#### Assignment:
Please give the whole listing again exactly, without any of its pictures.

[Supplied data]

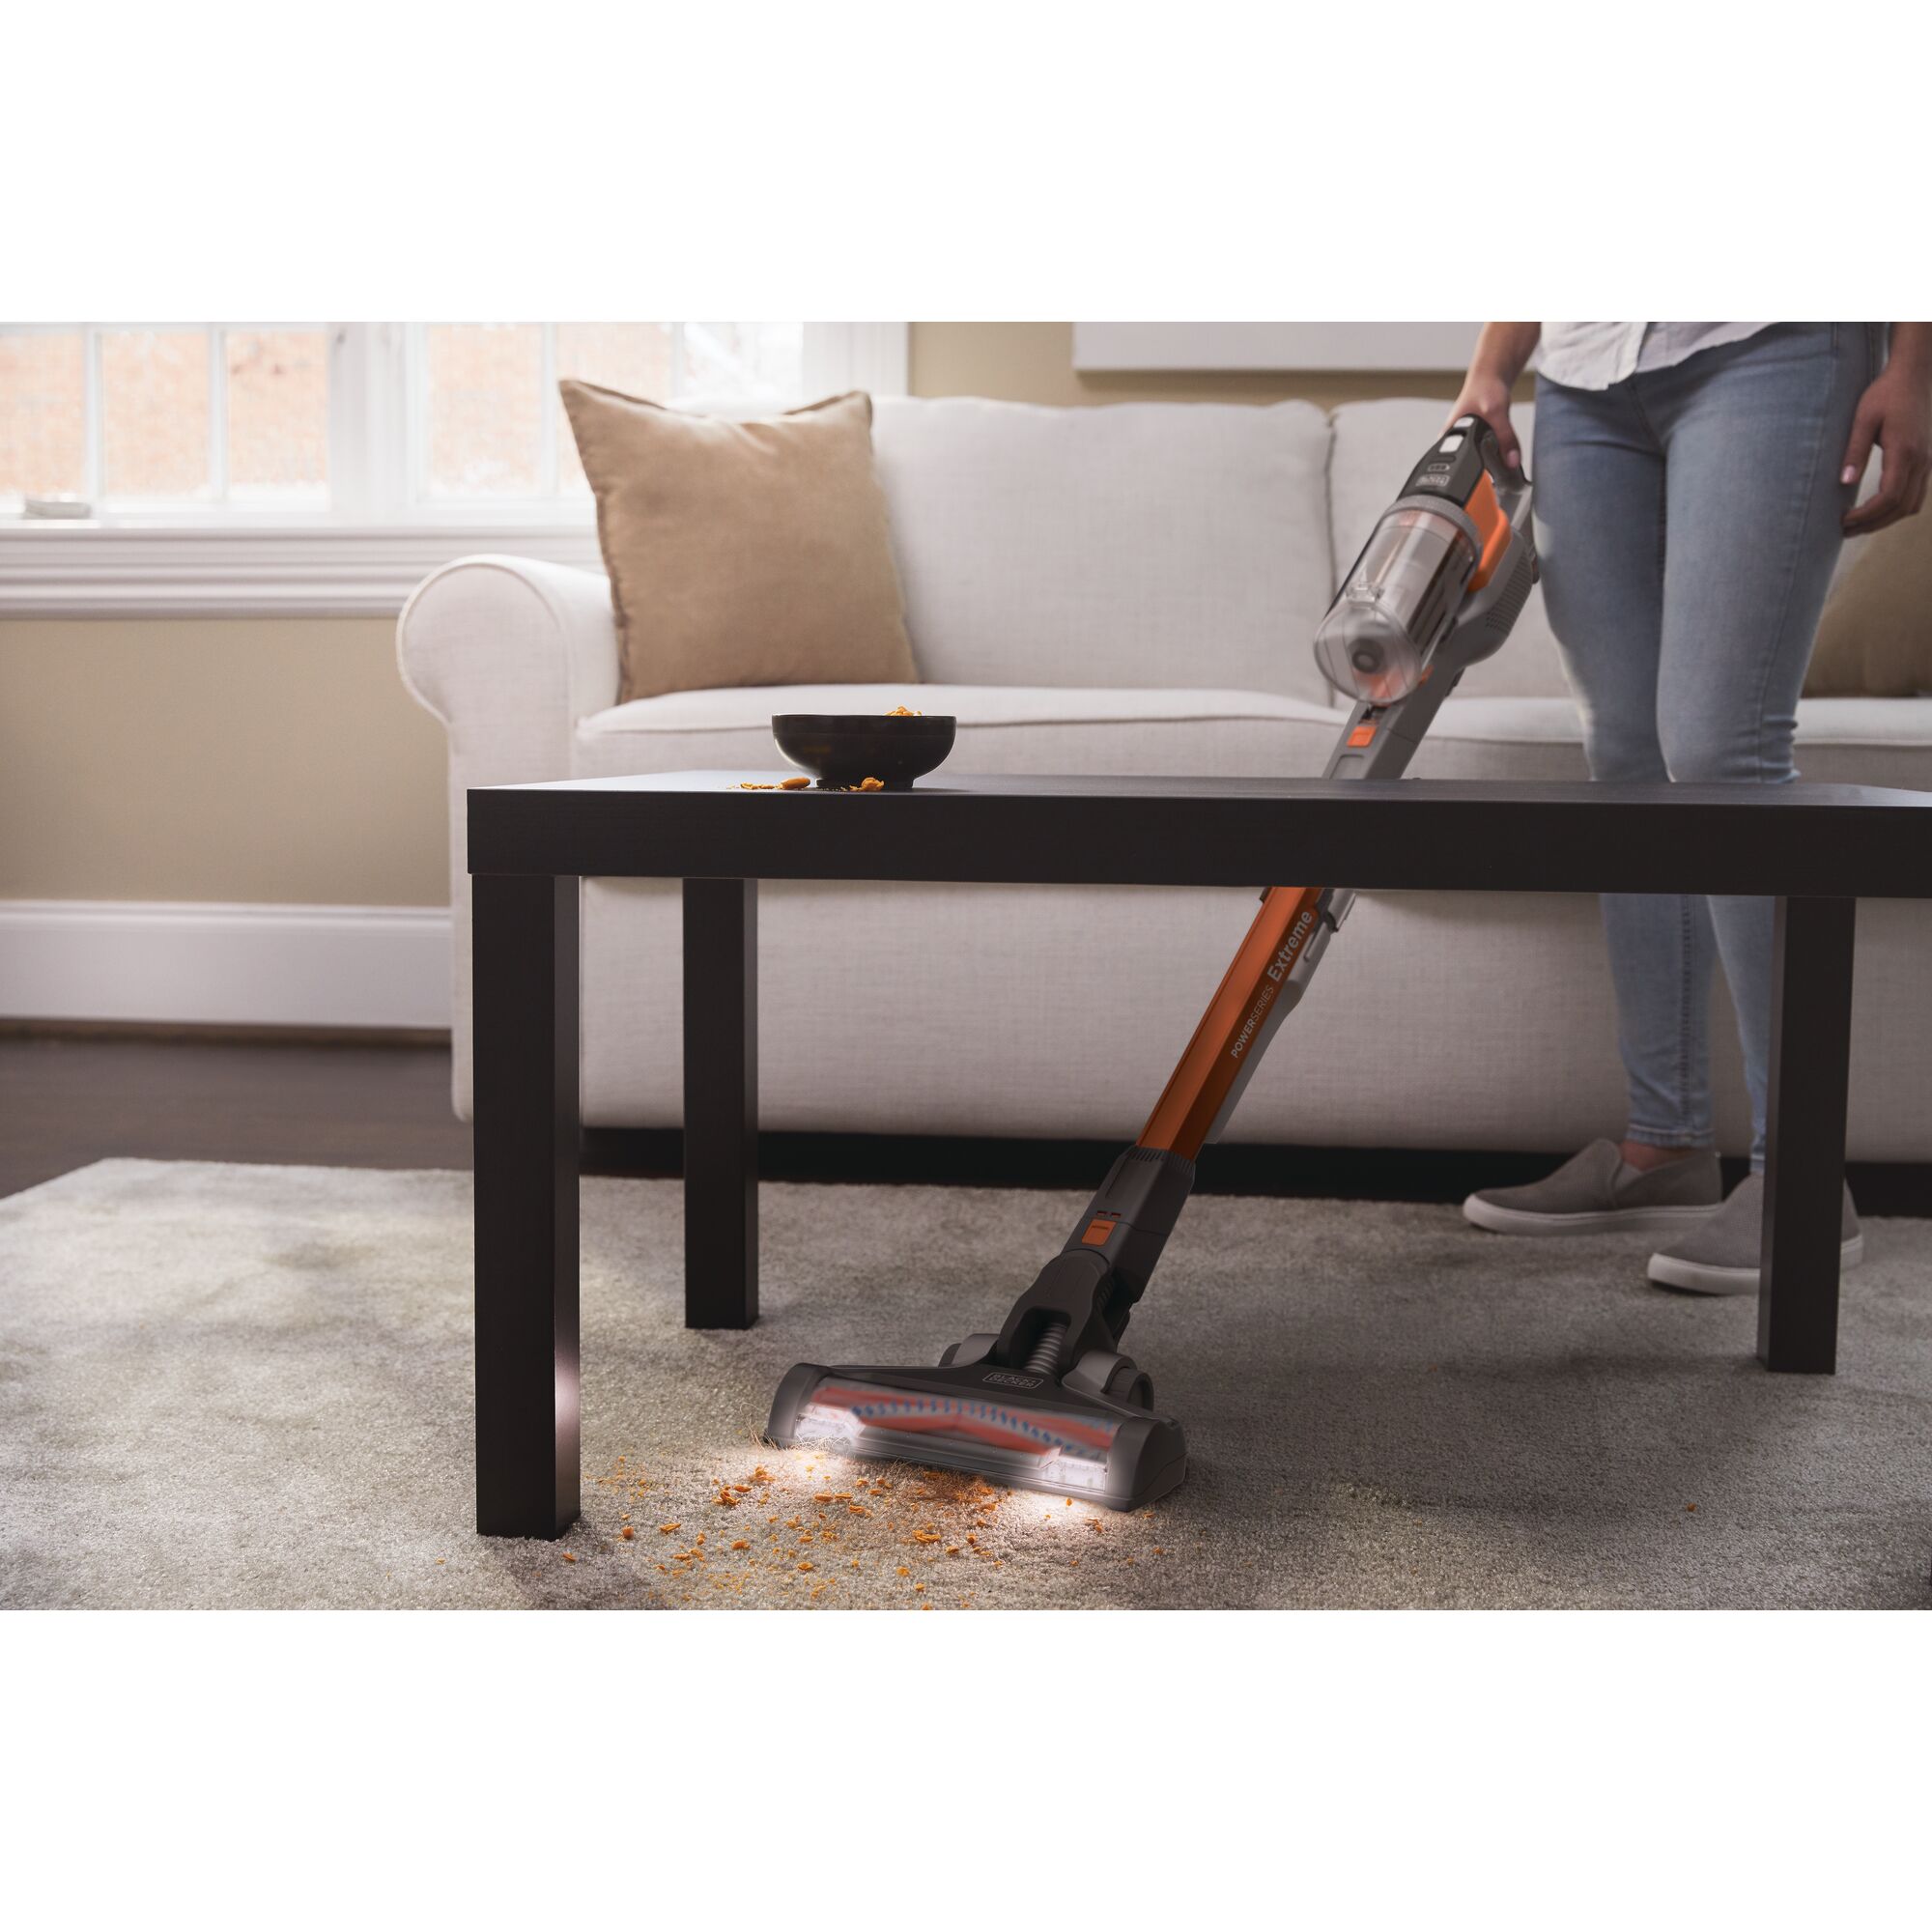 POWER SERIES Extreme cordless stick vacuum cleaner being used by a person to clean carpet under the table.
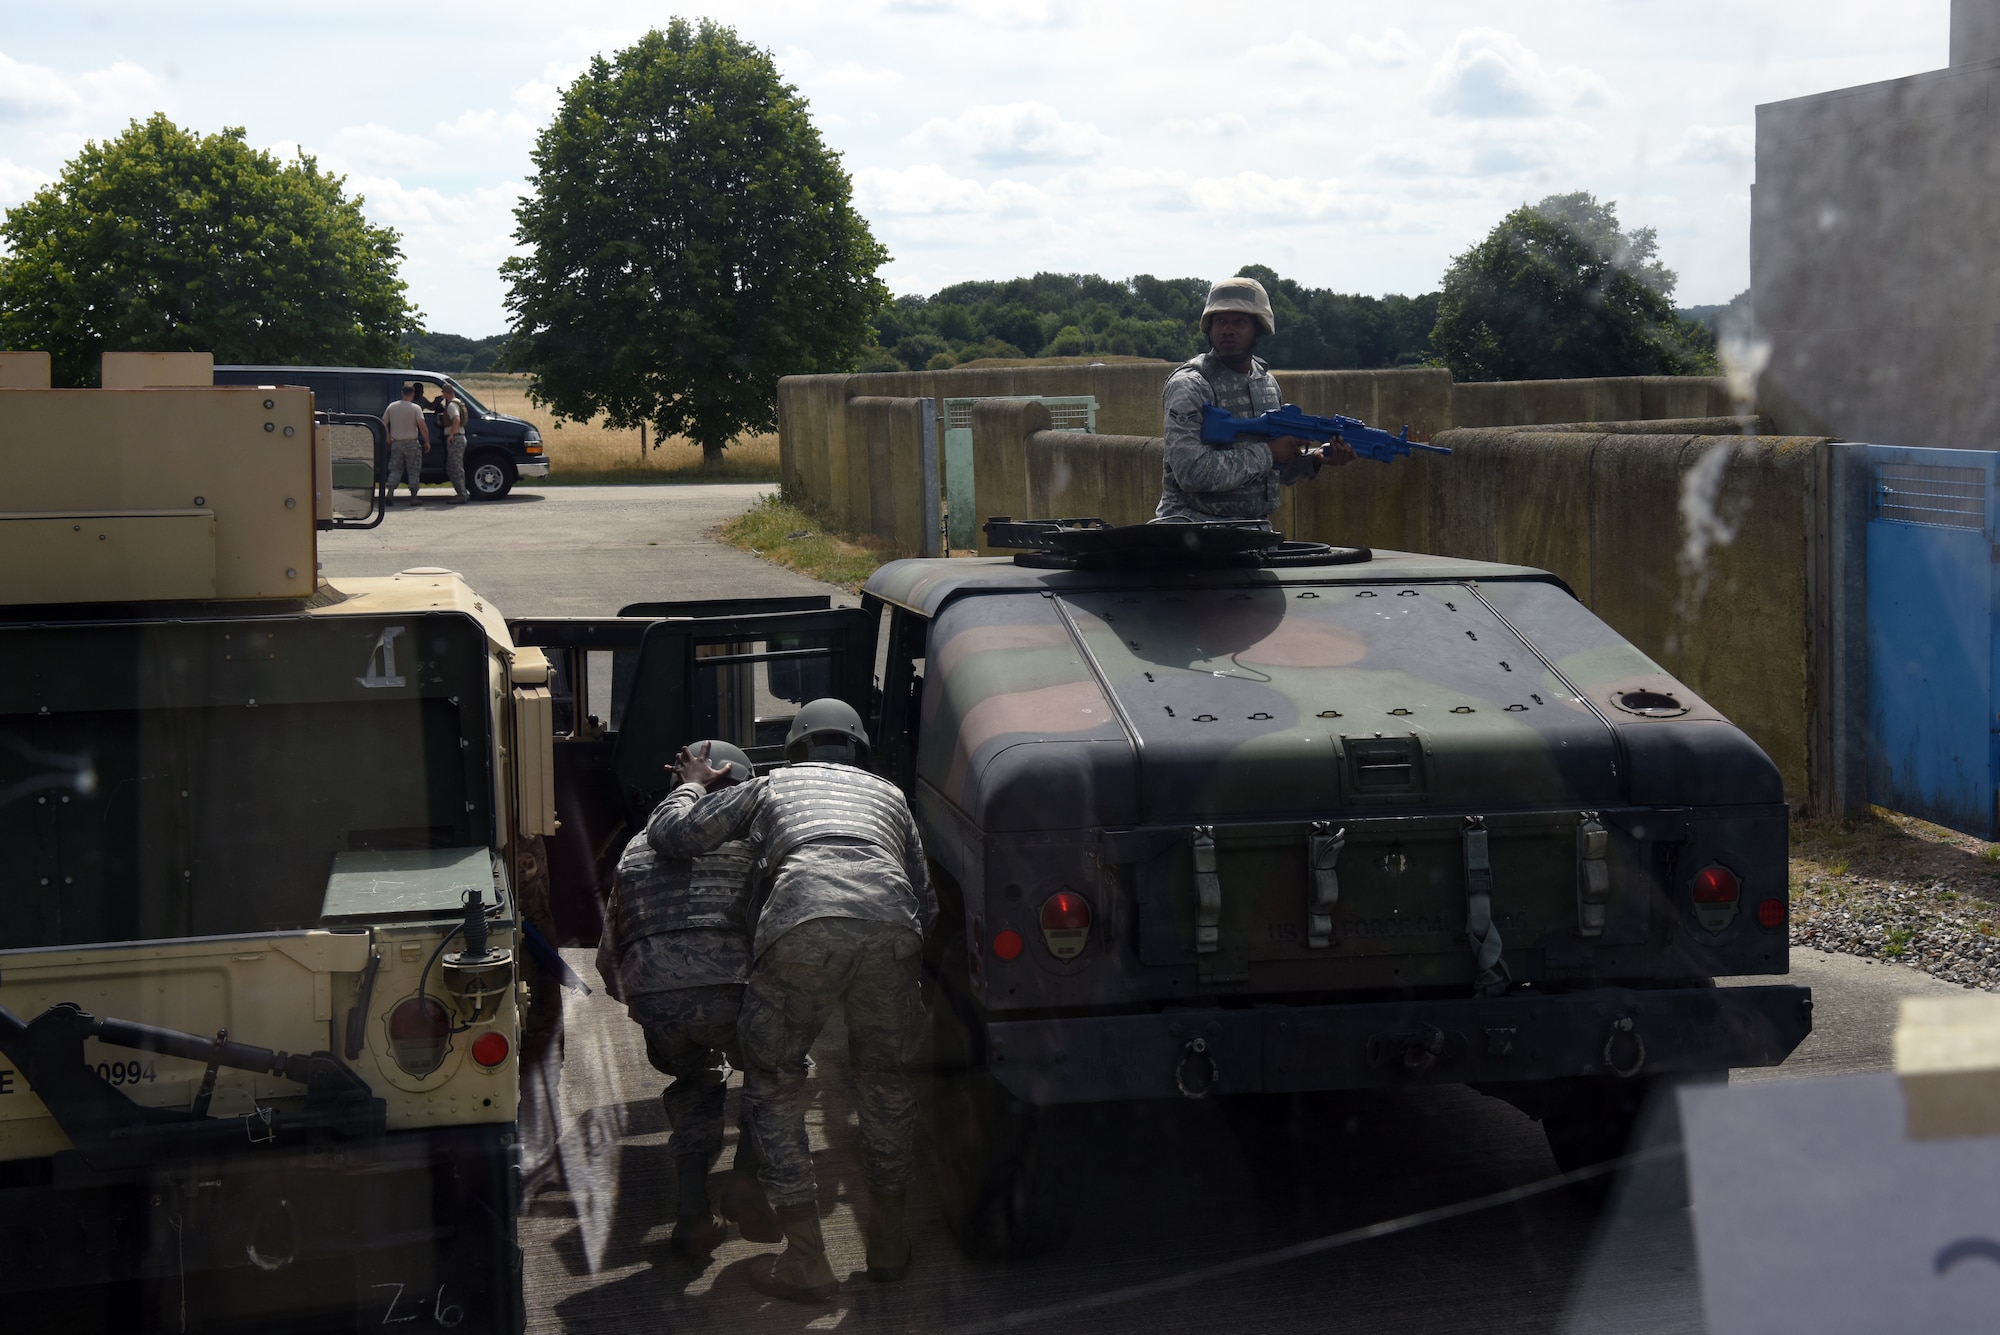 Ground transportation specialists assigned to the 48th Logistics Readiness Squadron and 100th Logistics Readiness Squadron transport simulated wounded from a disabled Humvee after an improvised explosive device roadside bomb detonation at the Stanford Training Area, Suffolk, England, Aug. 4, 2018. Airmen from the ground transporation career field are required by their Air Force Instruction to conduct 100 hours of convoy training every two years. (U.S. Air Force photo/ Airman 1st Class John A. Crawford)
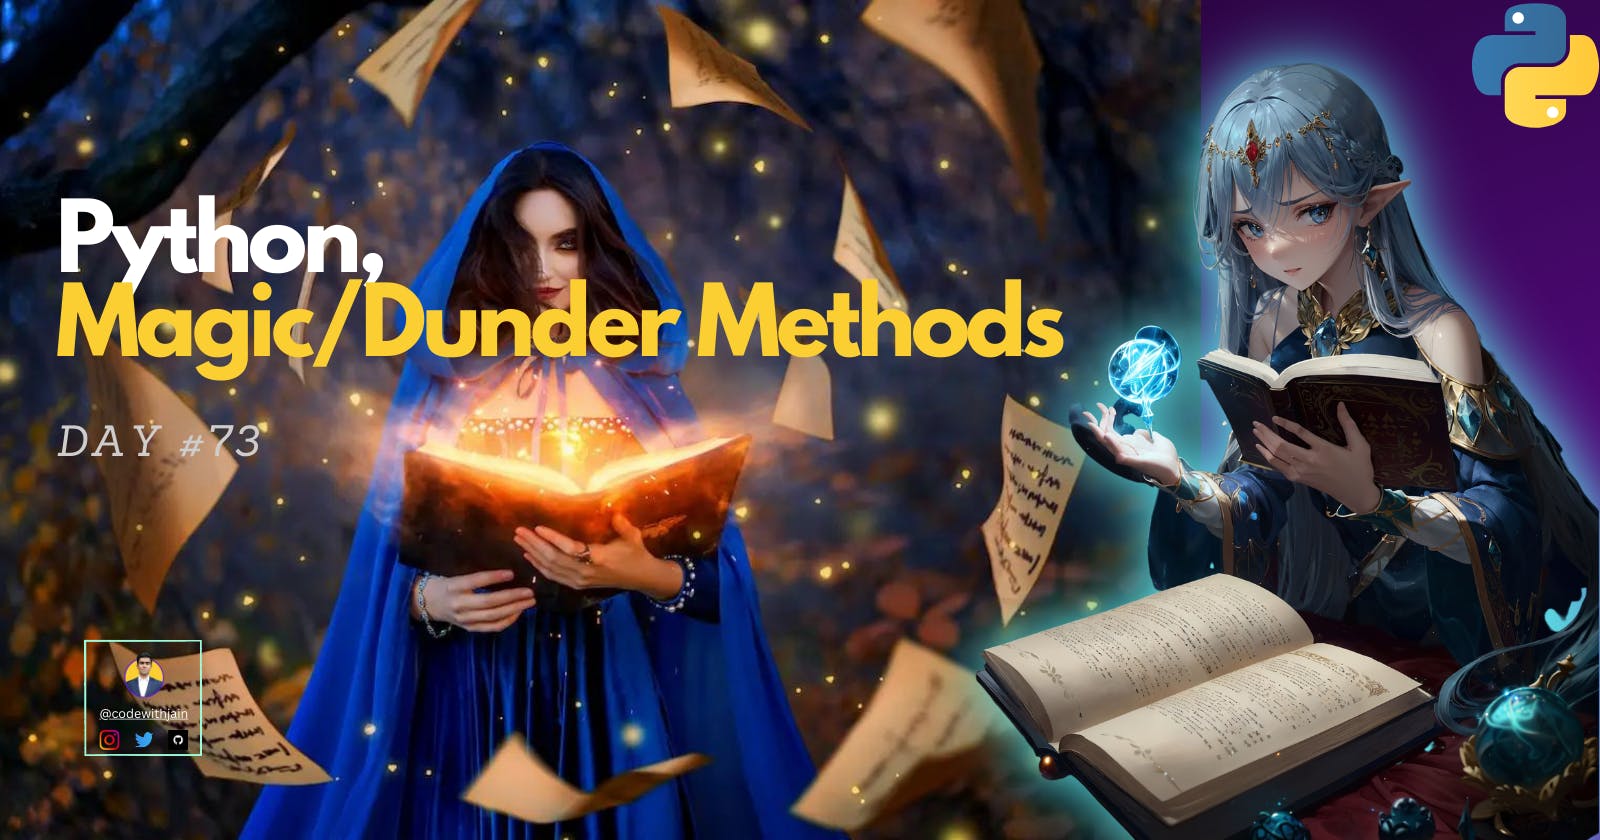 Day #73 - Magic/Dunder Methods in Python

[/Supplied data]

#### Task answer:
 POWER SERIES Extreme cordless stick vacuum cleaner being used by a person to clean carpet under the table.
 Ground transportation specialists assigned to the 48th Logistics Readiness Squadron and 100th Logistics Readiness Squadron transport simulated wounded from a disabled Humvee after an improvised explosive device roadside bomb detonation at the Stanford Training Area, Suffolk, England, Aug. 4, 2018. Airmen from the ground transporation career field are required by their Air Force Instruction to conduct 100 hours of convoy training every two years. (U.S. Air Force photo/ Airman 1st Class John A. Crawford)
 Day #73 - Magic/Dunder Methods in Python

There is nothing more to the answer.